GraphQL APIs are awesome and you should feel lucky if your current project has the data available through a GraphQL endpoint.

You’ve probably heard about GraphQL clients and how they make our lives much better. If you are dealing with a GraphQL API, you really should be using something like Apollo or Relay to take full advantage of it.

Life is not always beautiful

Sometimes though, we could be in a situation in which using a GraphQL client is not an option. Maybe the application is not ready yet to fully incorporate it, or maybe the server is not compatible with it yet (yes, I’ve seen this happening, I don’t know why, though).

Well, GraphQL feels like a fancy new thing but at the end you are still doing the same XHR requests, as you would with REST endpoints, so you can just use a simple HTTP client like axios:

import axios from 'axios';
import apiUrl from '../config';

axios({
  method: 'post',
  url: apiUrl,
  headers: {
    Authorization: localStorage.getItem('token'),
  },
  data: {
    query: `
      {
        allCandy {
          id
          name
          effects
        }
      }`,
  },
});

That works! But sometimes you will need to compose your query or mutation with params, and maybe you will feel tempted to do something like this:

import axios from 'axios';
import apiUrl from '../config';

axios({
  method: 'post',
  url: apiUrl,
  headers: {
    Authorization: localStorage.getItem('token'),
  },
  data: {
    query: `
      {
        collection(
          name: ${candyNameFilter} // 👈
        ) {
          name
          id
          feeds
        }
      }`,
  },
});

Template literals, right?! I can bring any variable into my string.

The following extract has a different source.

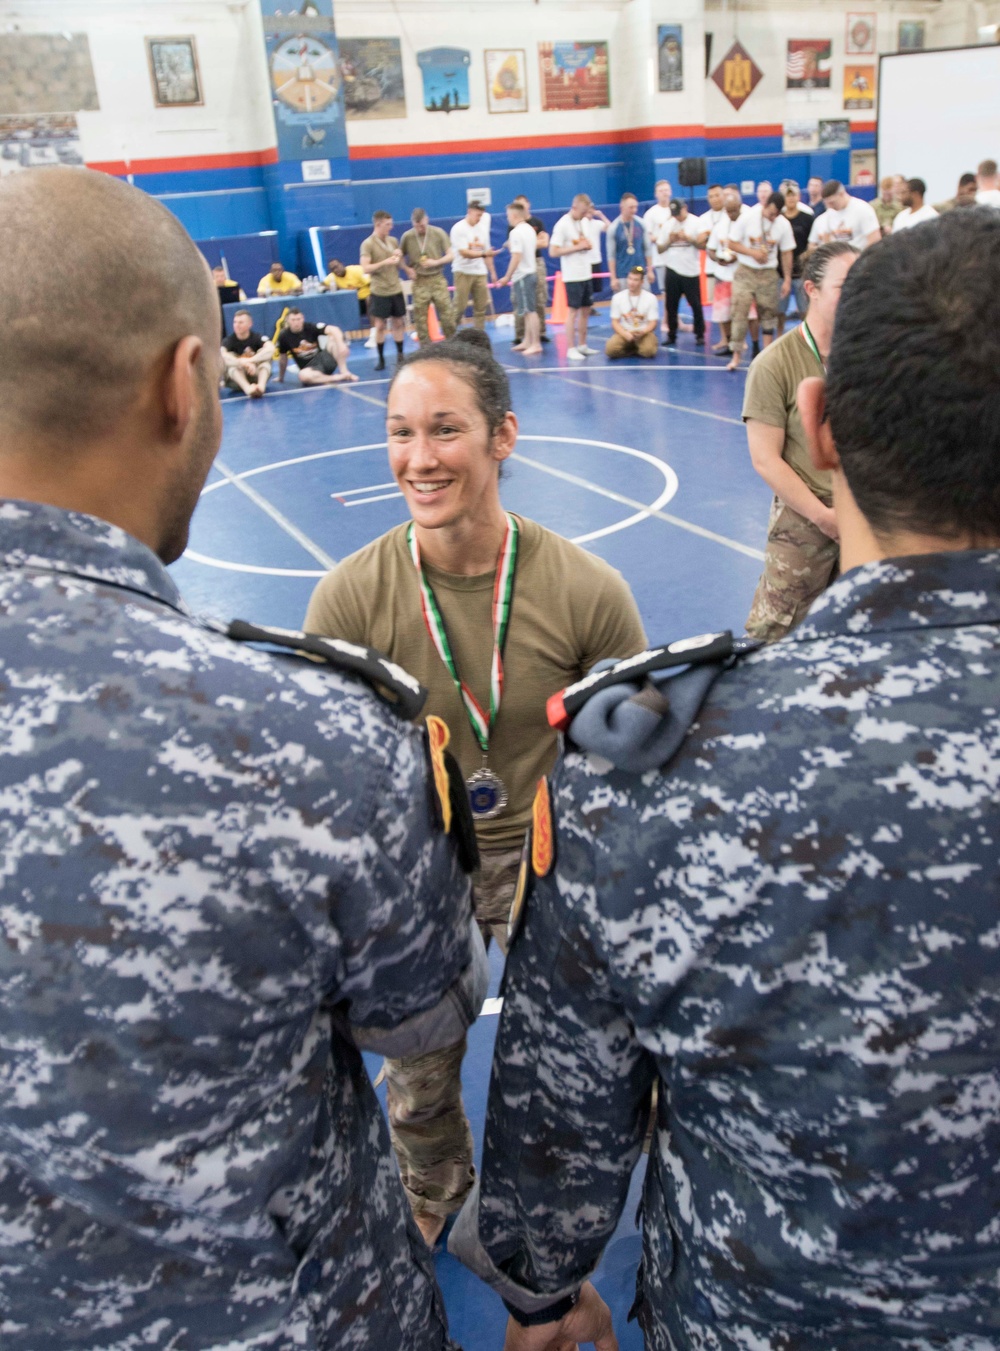 U.S. Service Members Compete with Kuwaitis in Combatives Tournament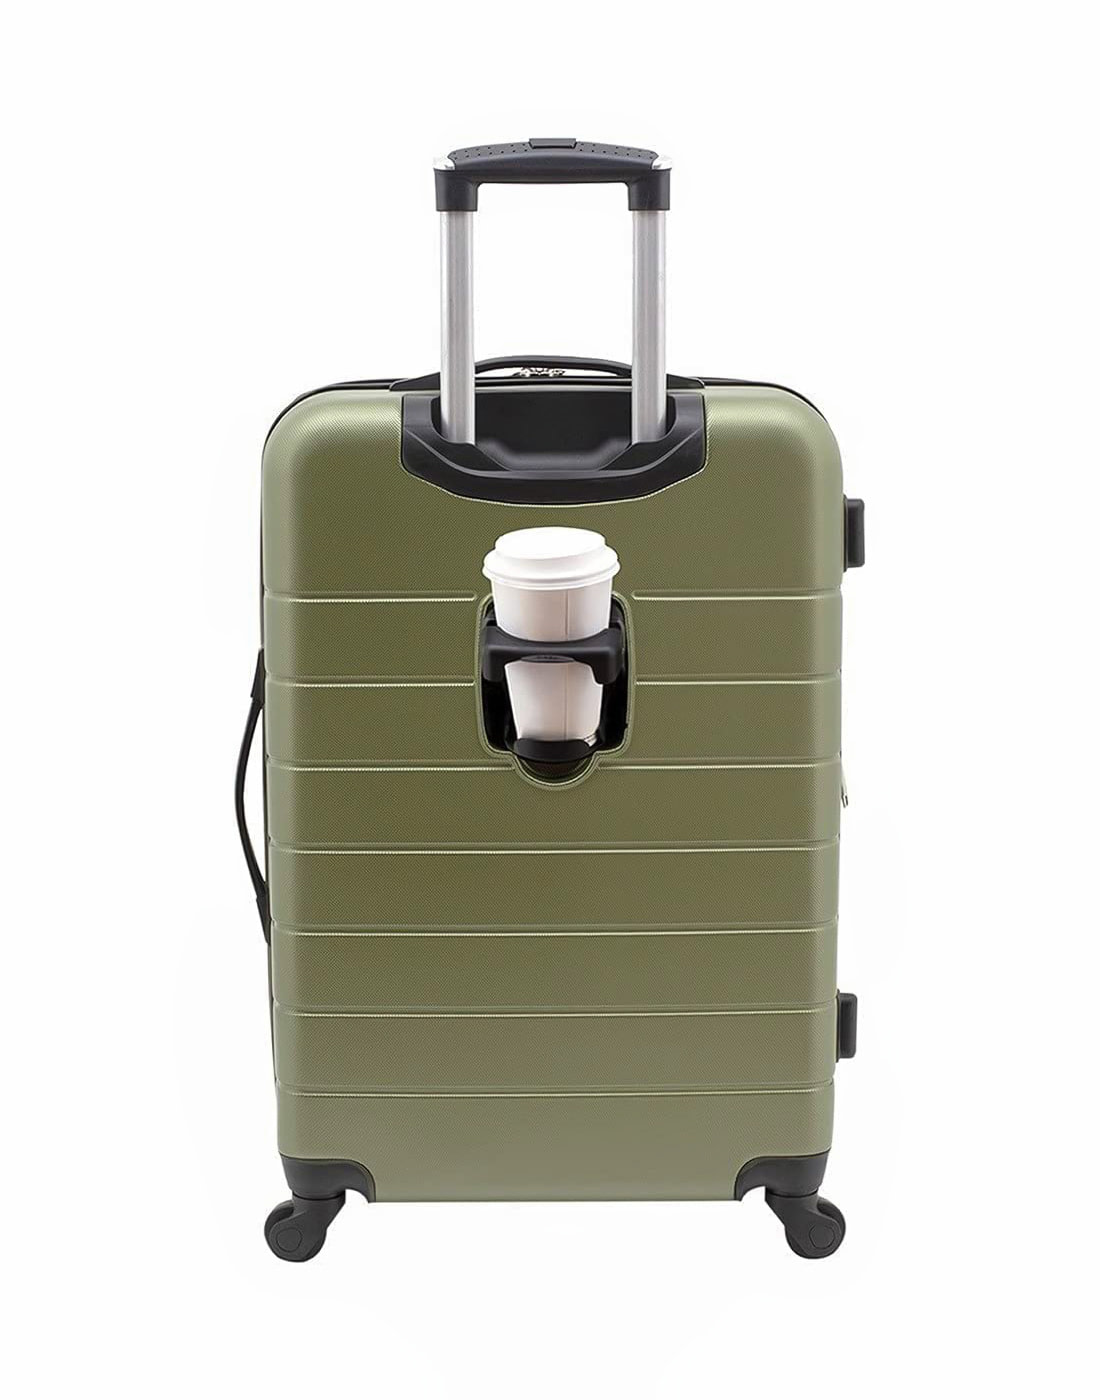 Cheap carry on luggage you can buy online

Yes, you can, but that would resolve to something like this:

name: Lollipop;

When the endpoint actually would probably expect:

name: 'Lollipop';

Well, then you could just put quotes around it:

candy((name: '${candyNameFilter}'));

And that fortunately will work! But doesn’t feel right. And if your variable is an object or an array, you will have to stringify and sometimes manipulate it so it gets to the desired format.

The solution

The good thing is we can still directly pass those variables without having to format them, with the help of two libraries:

First, declare your query and its variables — and their types (if in doubt, refer to the API documentation on GraphiQL):

import gql from 'graphql-tag';

const GET_CANDY = gql`
  query candy($name: String) {
    candy(name: $name) {
      id
      name
      effects
    }
  }
`;

When calling it, use graphql to print it. And the variables goes in a separate variables property:

import axios from 'axios';
import { print } from 'graphql';
import gql from 'graphql-tag';
import apiUrl from '../config';

const GET_CANDY = gql`
  query candy (
    $name: String
  ) {
    candy (
      name: $name
    ) {
      id
      name
      effects
    }
  }`;


axios({
  method: 'post',
  url: apiUrl,
  data: {
    query: print(GET_CANDY),
    variables: {
      name: candyNameFilter,
    }
  }
}).then(() => {
  // ...
}

That’s it! The query will be composed in the right, expected format by the server.

Also, by using graphql-tag you get syntax highlighting and linting capabilities depending on the editor and extensions that you are using.